** ACTIVITY **
Your output must be the lines below from the line containing "cm, signed l.r." to the line containing "MEYRIN Leather Boots", both lines included, reproduced exactly and without pictures.

** TASK INPUT **

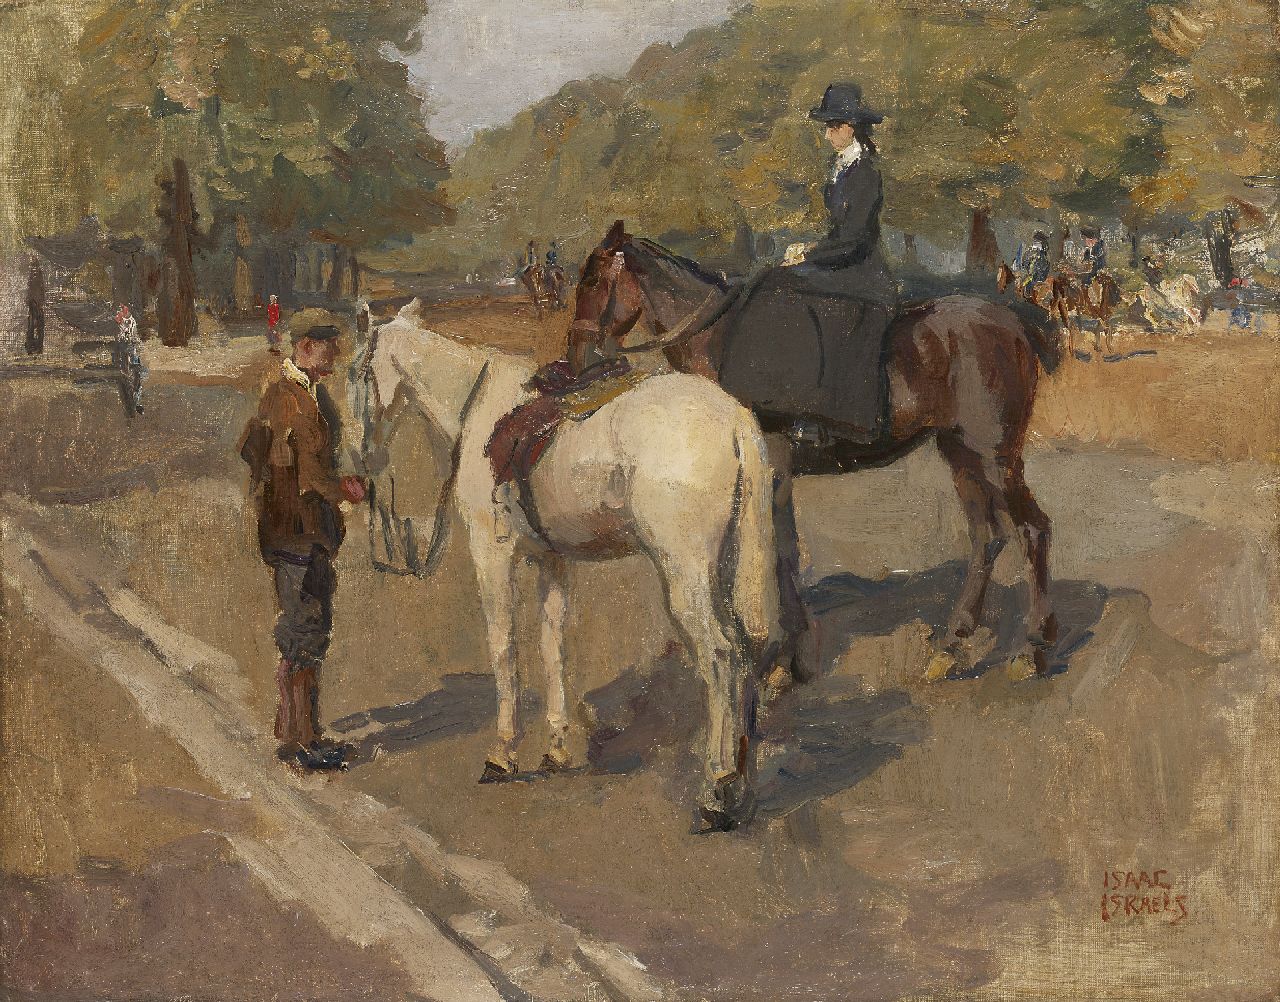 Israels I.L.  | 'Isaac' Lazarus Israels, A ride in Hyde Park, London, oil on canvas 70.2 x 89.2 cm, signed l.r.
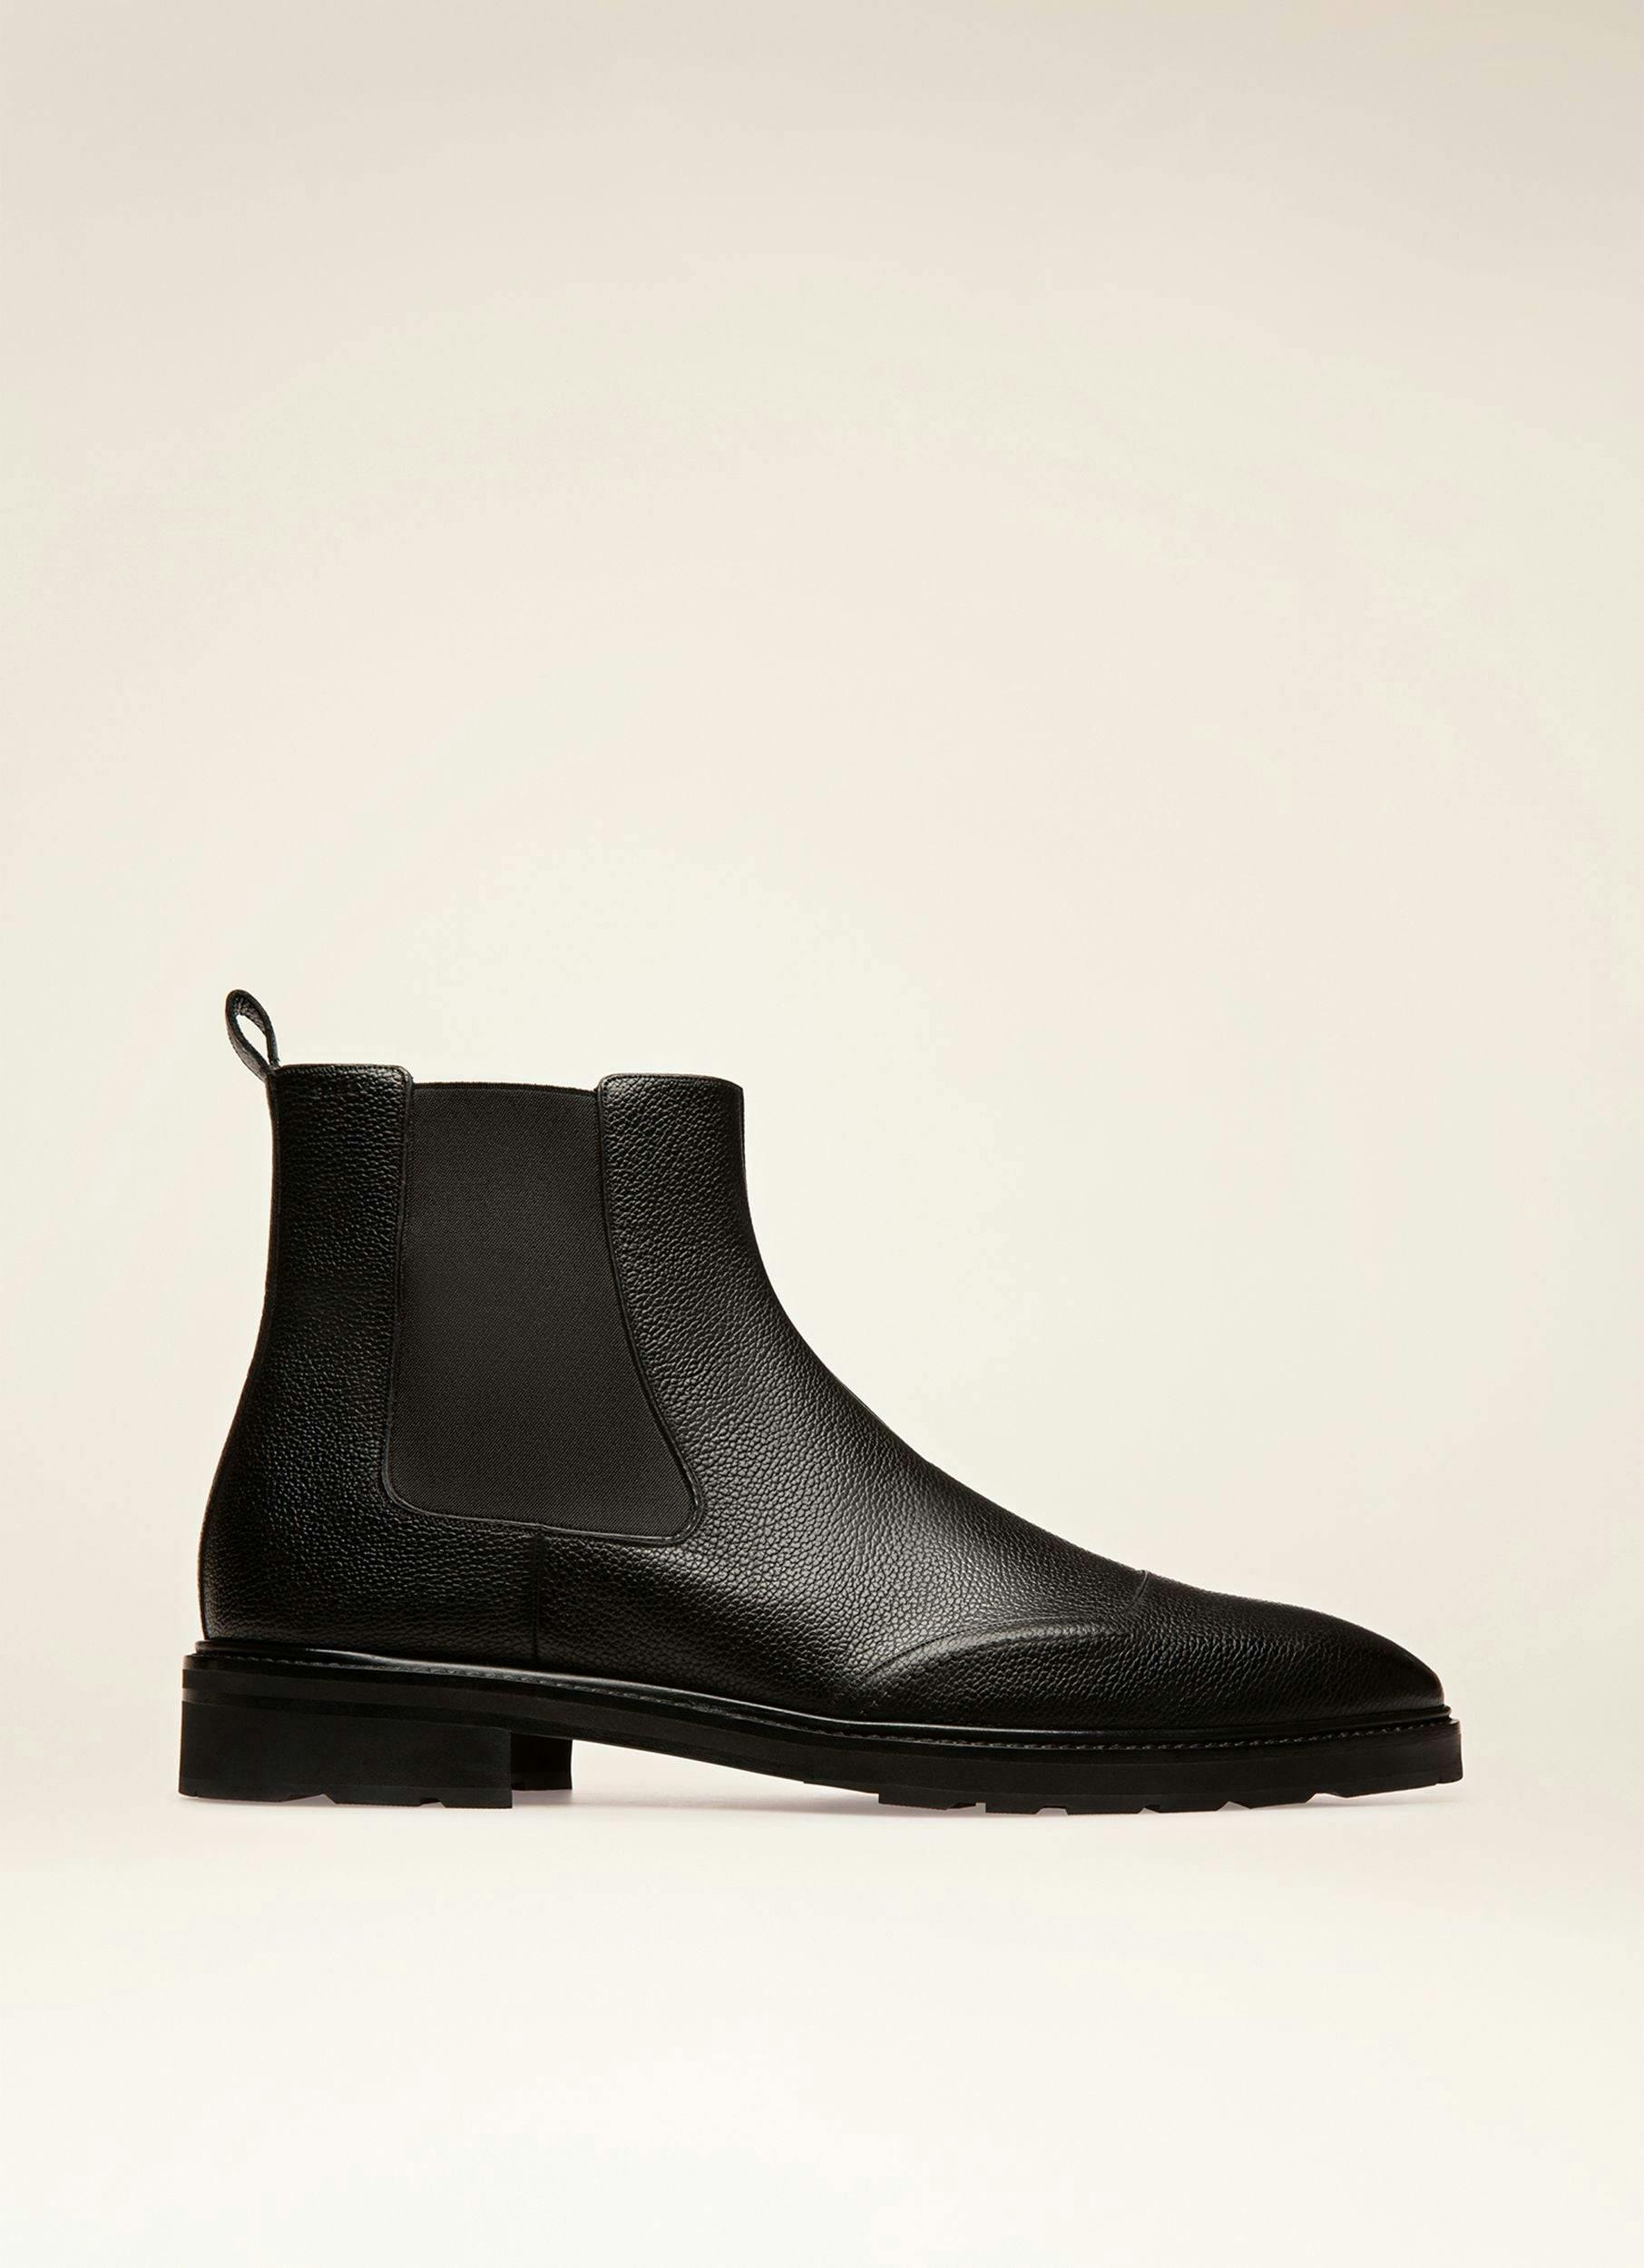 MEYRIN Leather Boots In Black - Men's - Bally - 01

---

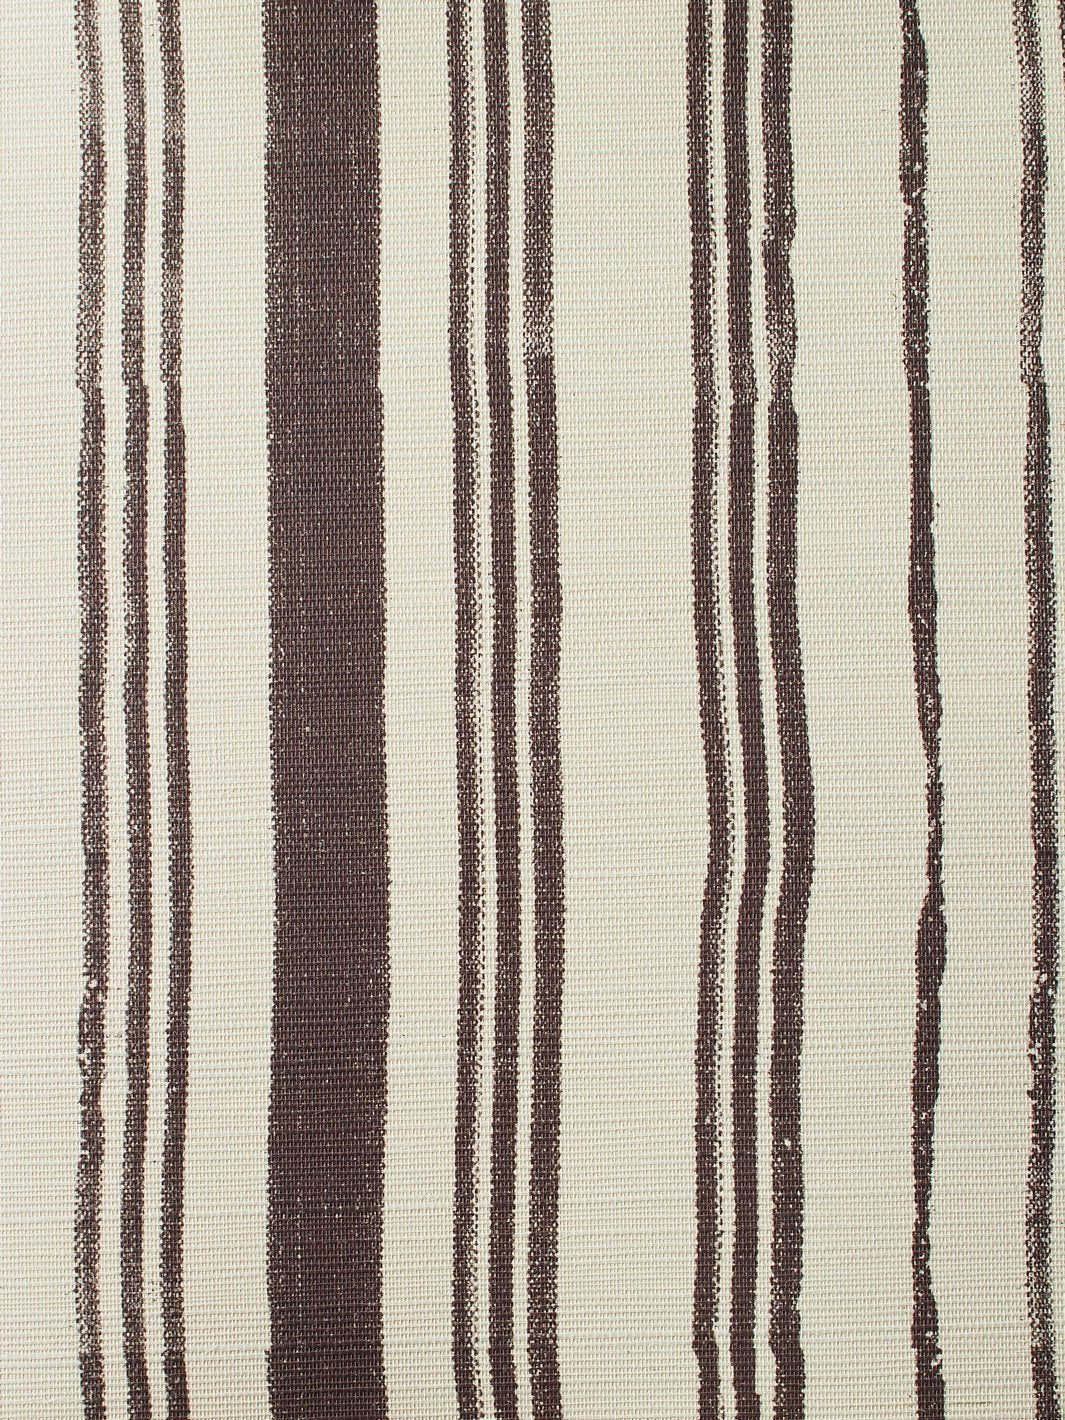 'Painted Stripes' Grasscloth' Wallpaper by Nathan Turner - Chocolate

==

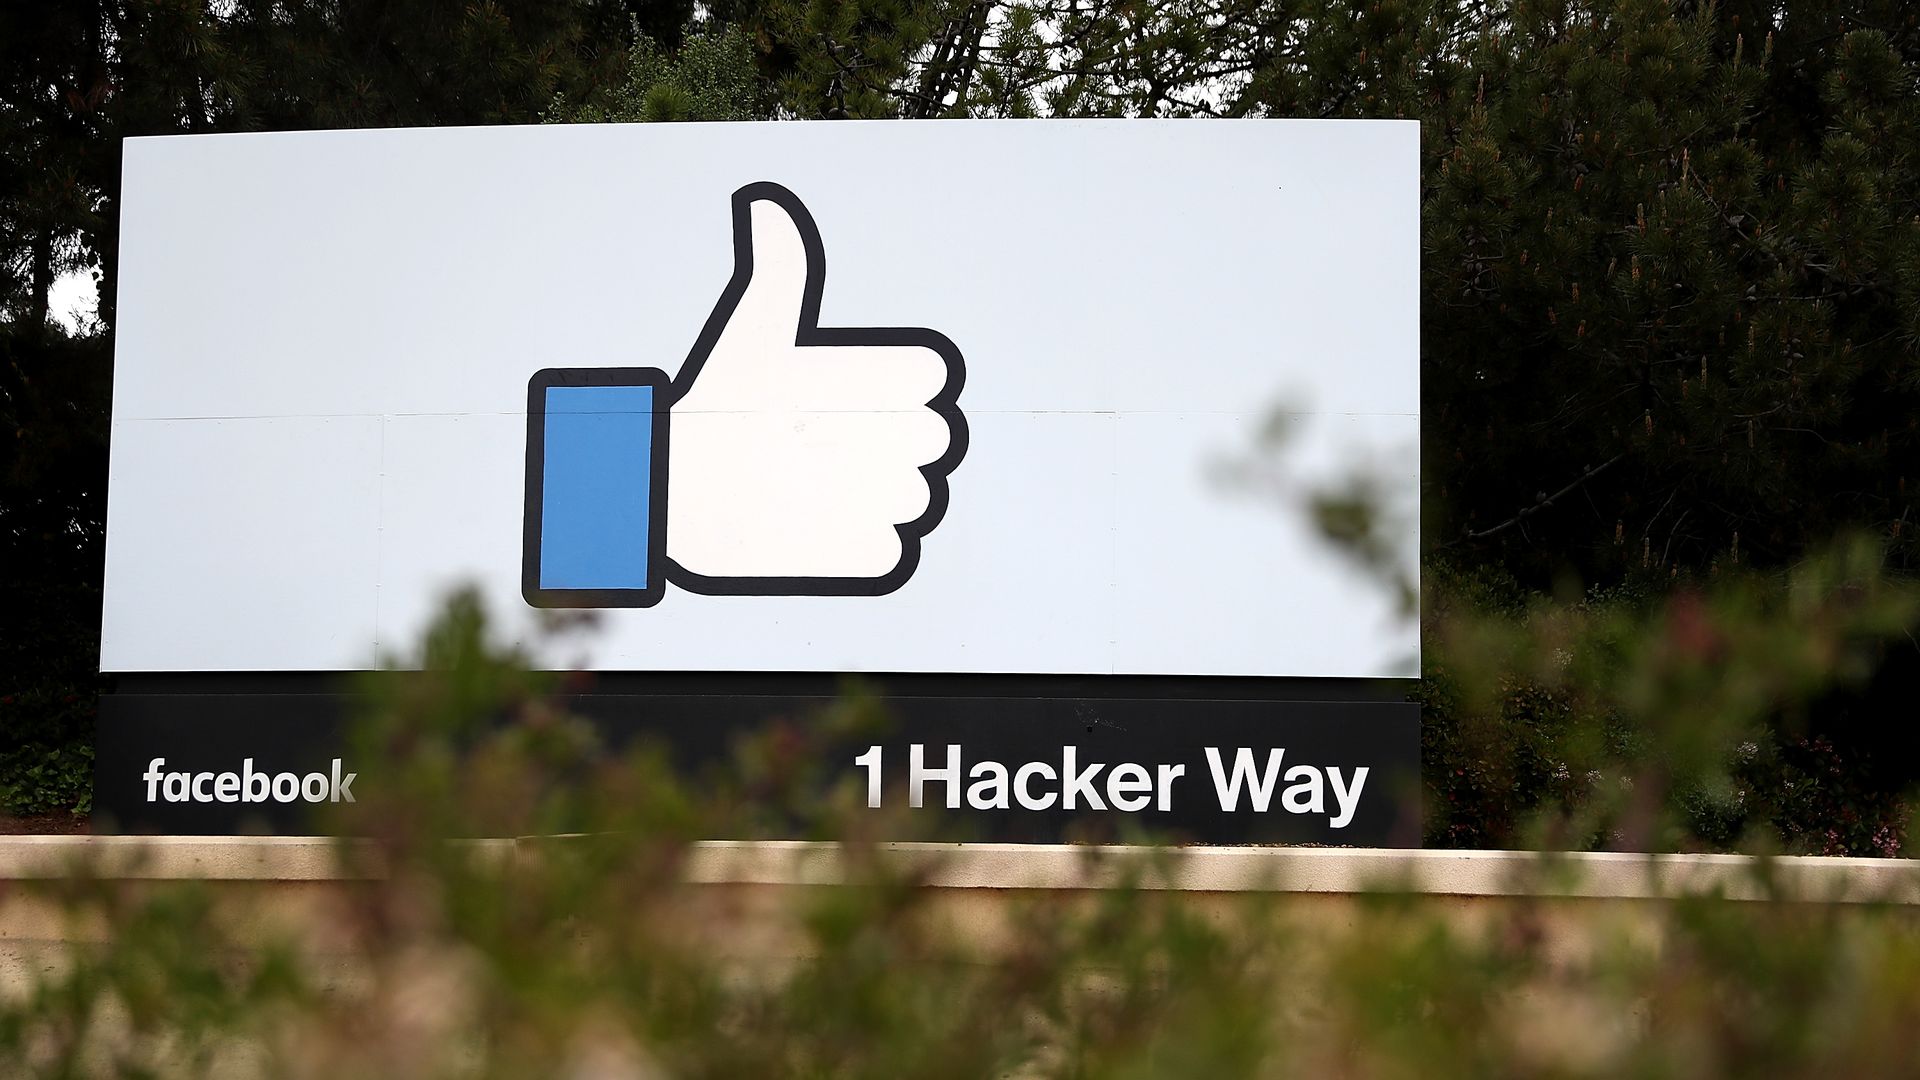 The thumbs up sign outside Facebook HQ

** OUTPUT FOR THIS EXERCISE **
 Israels I.L.  | 'Isaac' Lazarus Israels, A ride in Hyde Park, London, oil on canvas 70.2 x 89.2 cm, signed l.r.
 MEYRIN Leather Boots In Black - Men's - Bally - 01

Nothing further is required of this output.